自由民権運動の高まり、女性運動家が続々誕生

1874年(明治7年)に板垣退助らが民撰議院設立建白書を左院に提出したのをきっかけに、全国各地で自由と権利を求める運動「自由民権運動」が始まりました。この動きの中で、女性参政権や女性解放、男女平等の社会を求める女性運動家(楠瀬喜多、岸田俊子、福田英子など)が誕生しました。
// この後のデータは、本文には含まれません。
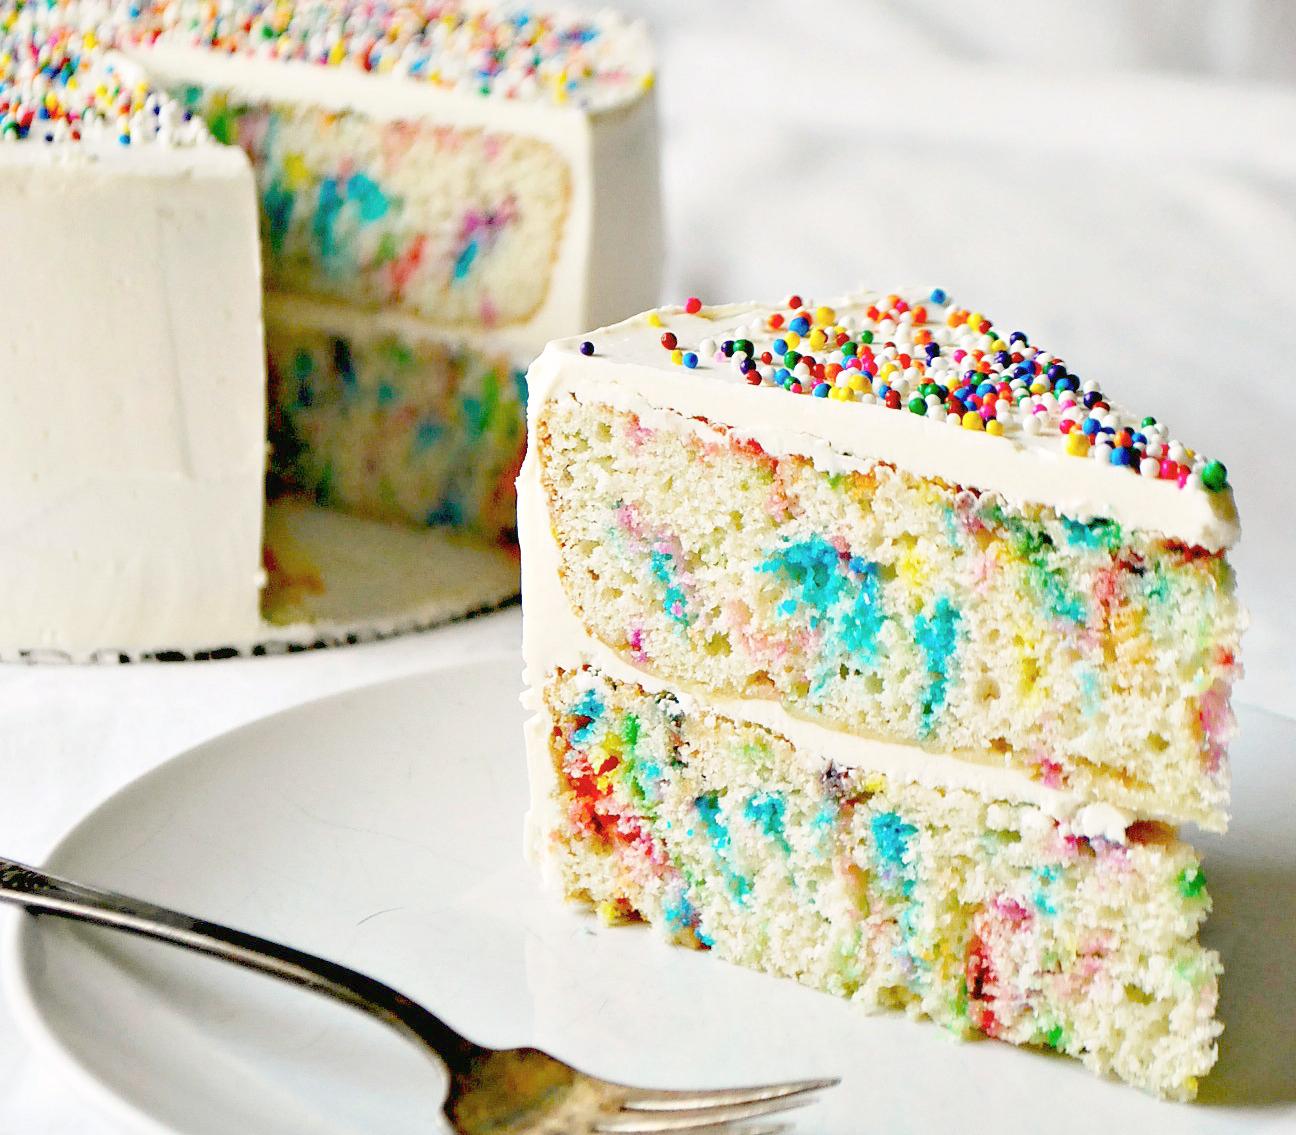 Slice of vanilla birthday cake

楠瀬喜多(くすのせ きた、1836〜1920年):日本初の女性参政権要求者、自由民権運動家

▲国立歴史民俗博物館企画展示「性差(ジェンダー)の日本史」Twitterアカウントより。高知市立自由民権記念館・企画展「楠瀬喜多没後100年『民権ばあさんと女性参政権』」のポスター。当時の府県規則の投票資格は「20歳以上の男子で、区内に本籍があり、地租5円以上を納税している者」でしたが、全国的な統一基準は定まっていない状況。楠瀬は夫と死別したため戸主として納税していたものの、1878年(明治11年)の高知県区会議員選挙で女性であることを理由に投票することができなかったのです。

自由民権運動に共鳴していた彼女は納税を滞納する方法で抗議し、高知県庁に抗議文を、内務省に意見書を提出。1880年(明治13年)9月20日、日本で初めて女性参政権が認められました。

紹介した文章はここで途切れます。